6 comments (moderated to prevent spam):

Mohit Agrawal said...

Can we say that Taxonomy defines entities whereas Ontology describes relation between entities(and their attributes)?

Sujit Pal said...

Probably not. The way I think of it, a taxonomy is a tree structure. So the only relations that can be supported are (B)roader (parents of a node), (N)arrower (children of a node) and (R)elated (siblings of a node). An ontology is when you take multiple trees and join nodes in the trees via relationships, so the end result looks like a forest or graph.

Mohit Agrawal said...

Could you briefly explain me this structure in terms of Database? ie. What will be difference in the actual data of DB tables in case of Ontology and Taxonomy?

Sujit Pal said...

If you wanted to go with databases, ideally, you want to store each of your taxonomies in separate databases, and your ontology in yet another database.

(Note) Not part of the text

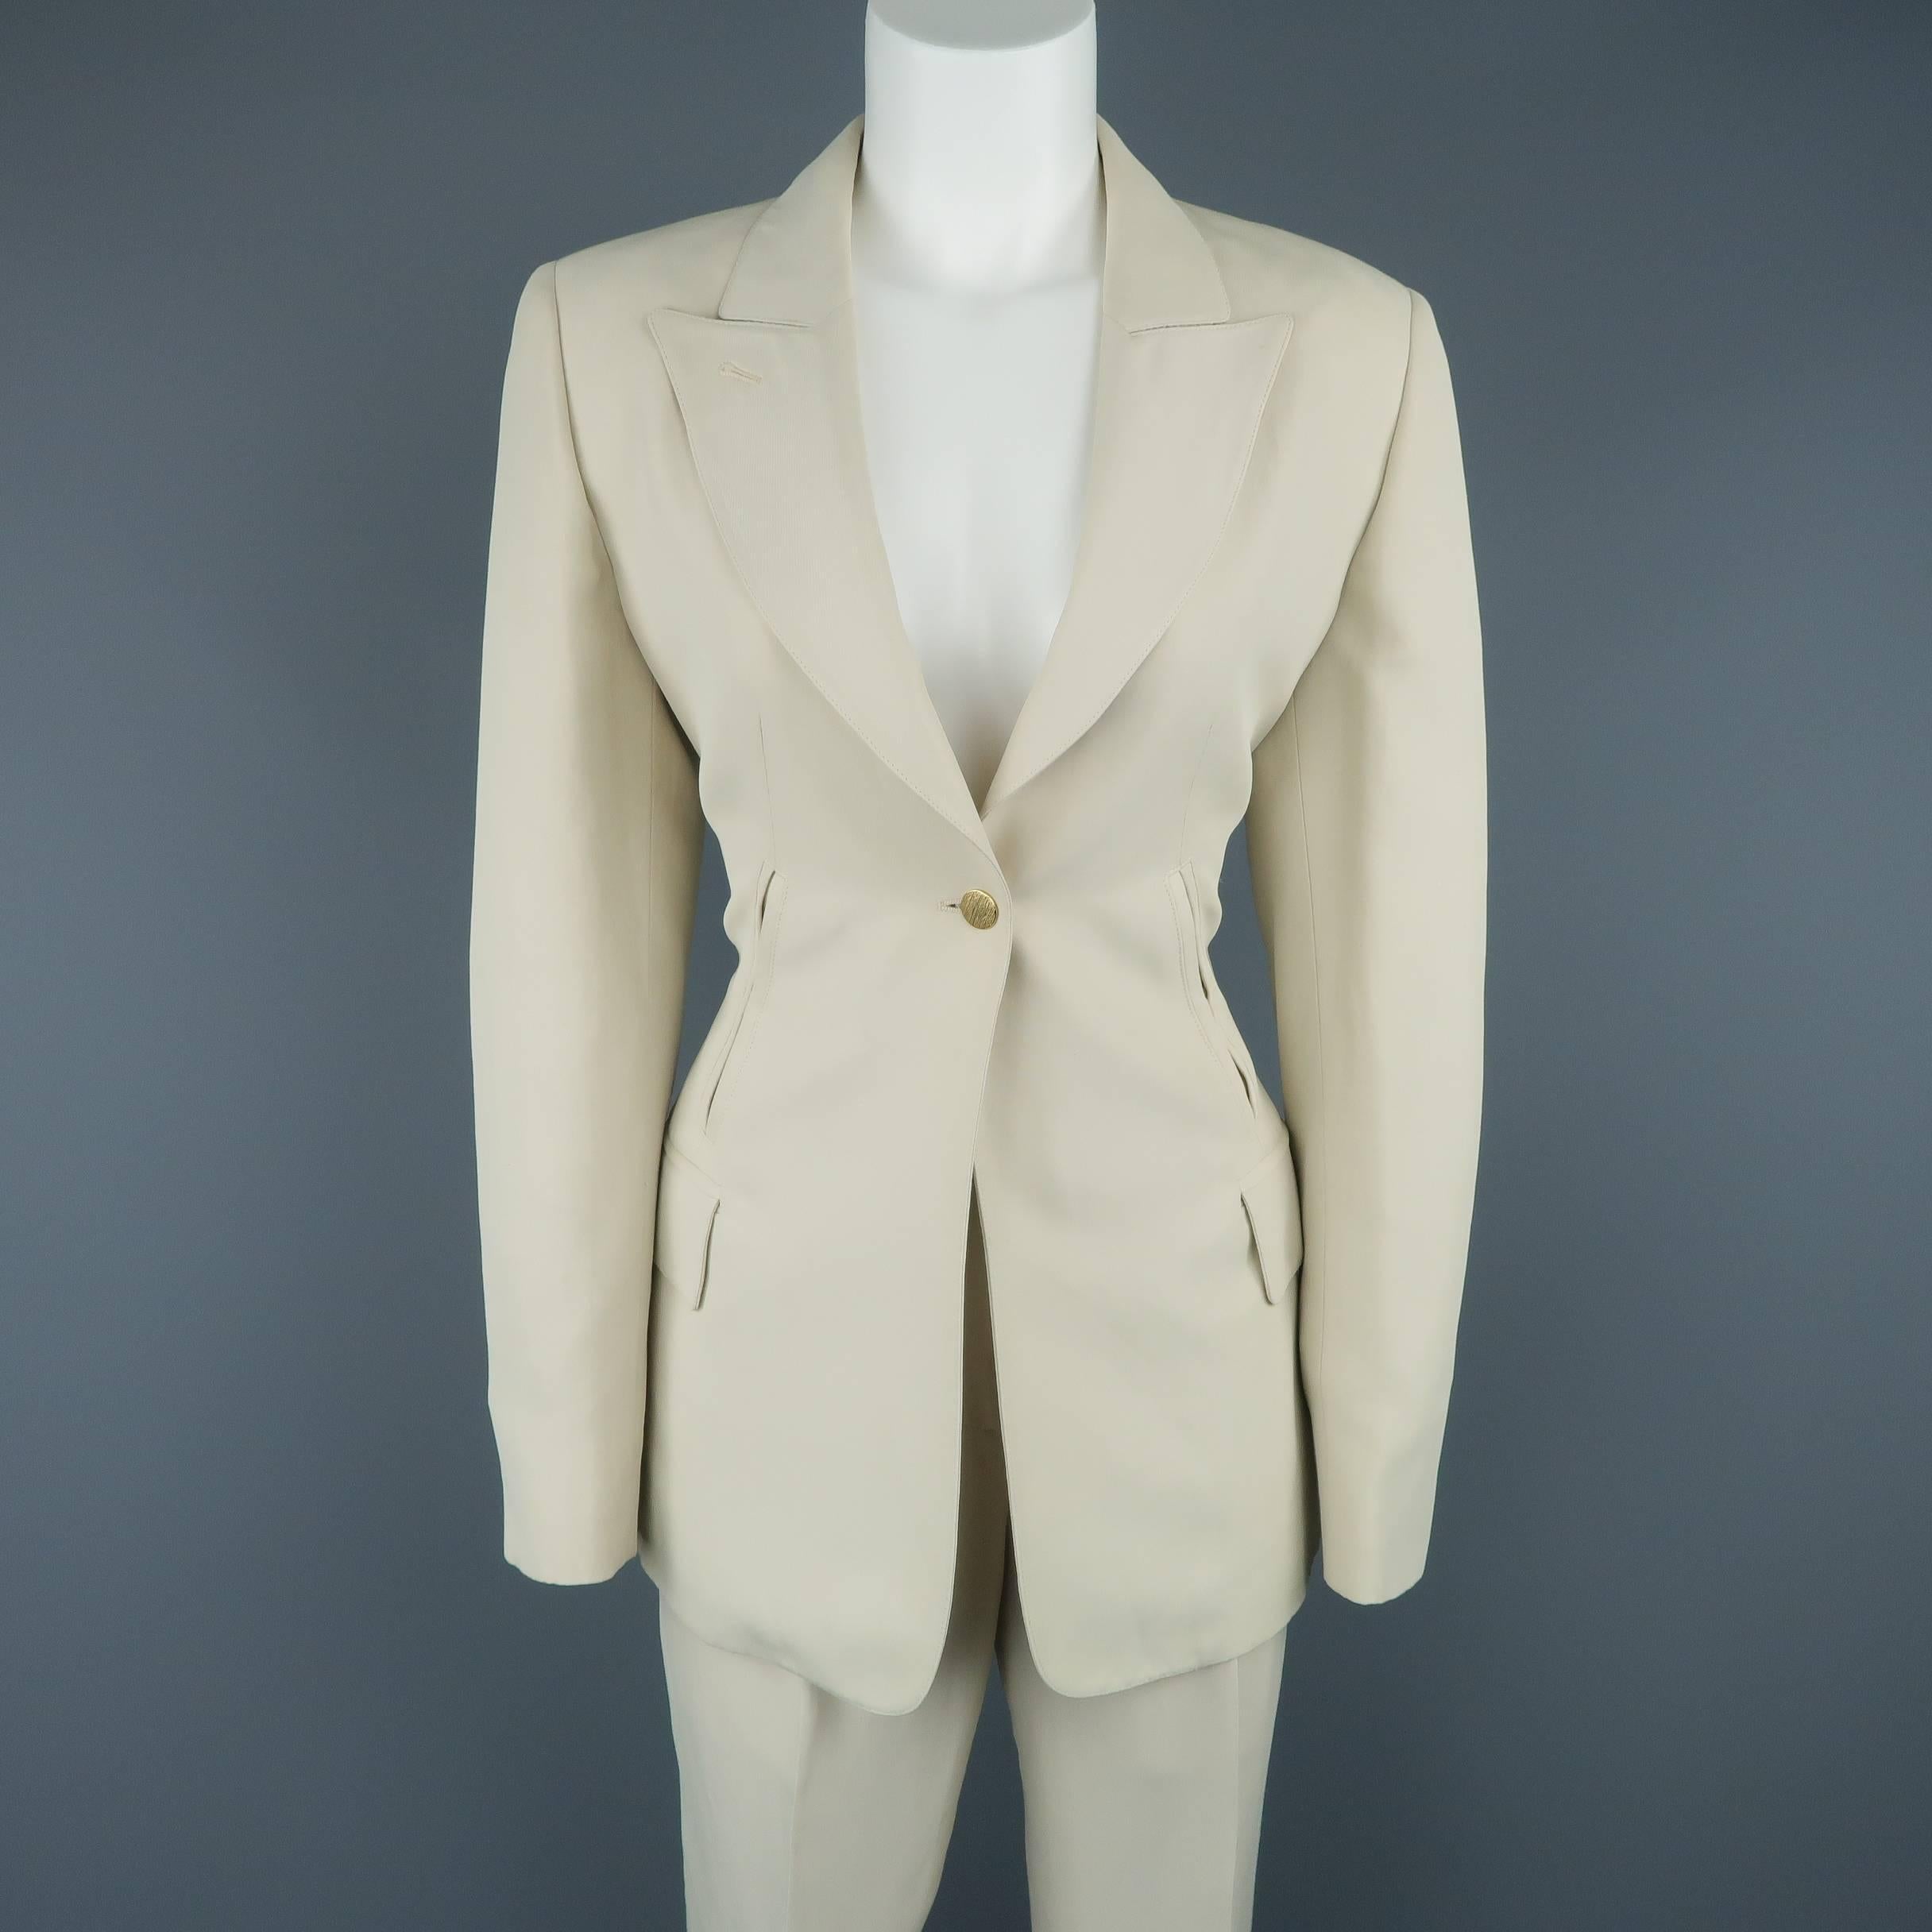 Vintage CLAUDE MONTANA pants suit comes in a light khaki beige twill with a sheen and includes a single button, peak lapel jacket with slit and flap pockets and matching trousers. Minor wear and spot on back of sleeve. As-is. Made in Italy.
 
Fair

I have seen this done at a previous company. The problem is in the relationships, they are hard to distinguish when you have them all together, since an ontology exposes more facts (entity relation entity triples) than a taxonomy (only BNR). However, if you are able to distinguish them in your application, you could store them all in a single database. In either case, there should be no difference between how you model entities and relationships.

Unknown said...

how to store class name and subclass name in .owl file into variables

Sujit Pal said...

Hi Sanju, class and subclass are examples of parent-child or IS-A relationship, and they can be treated the same as instances. In general, in case of taxonomies, classes and subclasses are the non-leaf nodes and instances are the leaf nodes. As an example, consider the Product.owl file - there is a single class with multiple instances Product1, Product2 and Product3. The Product node represents a class and is at the root of the taxonomy, and Product1 is connected to Product via an IS-A relationship, ie Product1 -(IS-A)-> Product. Its fuzzier for Ontologies, consider for example the Shakespeare.owl file here. There are 4 classes defined here - Play, Place, Person and Author. Instances of Play are HenryV and "LovesLaborLost, etc. Both Play and HenryV are nodes in the ontology and are connected by IS-A relationships, ie HenryV -(IS-A)-> Play. If you need to distinguish class vs instance, one possibility may be to use an attribute.